Is it possible to find the maximum of $r\ln\left(\ln\left(1+\frac{1}{r}\right)\right)$ for $r\in(0,1)$?

Question

I was working on Chapter 5, Problem 14 of Evan's Partial Differential Equations 2nd ed and to prove integrability of $\ln \left (\ln \left (1+\dfrac{1}{|x|}\right )\right )$ on the unit $n$-ball, where $n>1$, I used the fact that$$f_n(r):=\begin{cases}r^{n-1}\ln \left (\ln \left (1+\dfrac{1}{r}\right )\right ) & \text{if} & r>0\\ 0 & \text{if} & r=0\end{cases}$$is continuous and thus bounded on $[0,1].$ While this is sufficient, I am curious to know if there is a way to find the maximal value of $f_2.$ I tried setting the derivative equal to $0$ but that does not seem solvable. Note that $|f_n|\leq |f_2|\leq |\ln (\ln (2))|$ which follows from the fact that the maximum of $f_2$ is less than $|\ln (\ln (2))|.$

Answer 1

Maximum clearly exists and is unique in the range $(0,1)$. You could find it by setting derivative to $0$. But I (and wolfram) cannot find a exact form for it. The equation for the maximizer $r^*$ is $$ \ln (\ln(1+1/r))=\frac{1}{(1+r)\ln(1+1/r)} $$ which could be "simplified" if you substitute $t=\ln(1+1/r)$, to $$ t\ln t = 1-e^{-t} $$ Which I don't think have a closed-form solution

Answer 2

As @Binxu Wang 王彬旭 answered, there is no hope to find an explicit expression for the zero of function $$g(t)=t \log(t)+ e^{-t}-1$$ For sure, numerical methods would not have any problem.

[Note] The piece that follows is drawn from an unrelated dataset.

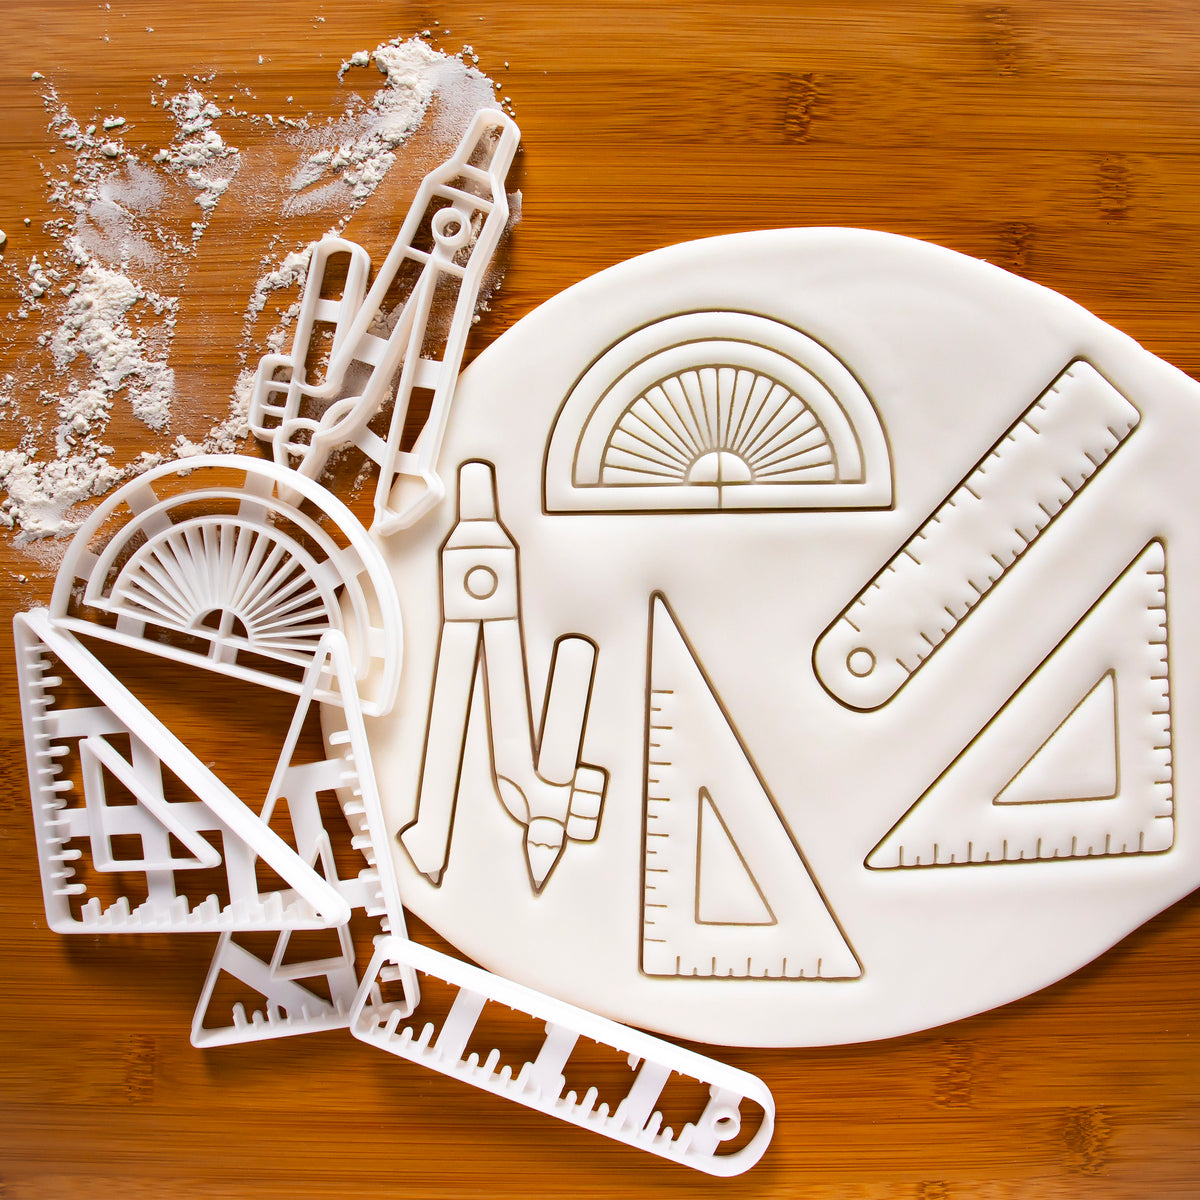 Set of 5 Technical Drawing Instrument Cookie Cutters: Compass, Ruler, 45 Degree Set Square, 60 Degree Set Square, Ruler

Surprising is the fact that (thanks to the $ISC$) the solution is extremely close to $$t_*=2+\sqrt{2}-\sqrt[4]{10}\implies g(t_*)=8.95625\times 10^{-9}$$

This gives $$r_*=\frac{e^{\sqrt[4]{10}}}{e^{2+\sqrt{2}}-e^{\sqrt[4]{10}}}=0.241882\cdots$$ $$f_2(r_*)=\frac{e^{\sqrt[4]{10}} \log \left(2+\sqrt{2}-\sqrt[4]{10}\right)}{e^{2+\sqrt{2}}-e^{\sqrt[4]{10}}}=0.119058\cdots$$ which are exactly the numbers given by Wolfram Alpha.

Edit

Looking more, still thanks to the $ISC$, the solution is such that $$t_1=\frac{\sqrt{2}+\sqrt[4]{6}}{\sqrt[4]{11}} < t <2+\sqrt{2}-\sqrt[4]{10}=t_2$$ and $t_2-t_1=9.21\times 10^{-8}$.

Using $t_1$ instead of $t_2$ as above, the same results.

Update

The general problem of $f_n(r)$ is interesting; it "just" requires to find the inverse of $$\frac{1-e^{-t}}{t \log (t)}=n-1$$

Expanded as a series around $t=1$ and using series reversion $$t=1+x+\frac{3-e }{2 (e-1)}x^2+\frac{11-10 e+2 e^2 }{3 (e-1)^2}x^3+\frac{263-397 e+185 e^2-27 e^3}{24 (e-1)^3}x^4+$$ $$\frac{4381-9279 e+6991 e^2-2229 e^3+256 e^4}{120 (e-1)^4}x^5+O(x^6)$$ where $x=\frac{e-1}{e (n-1)}$.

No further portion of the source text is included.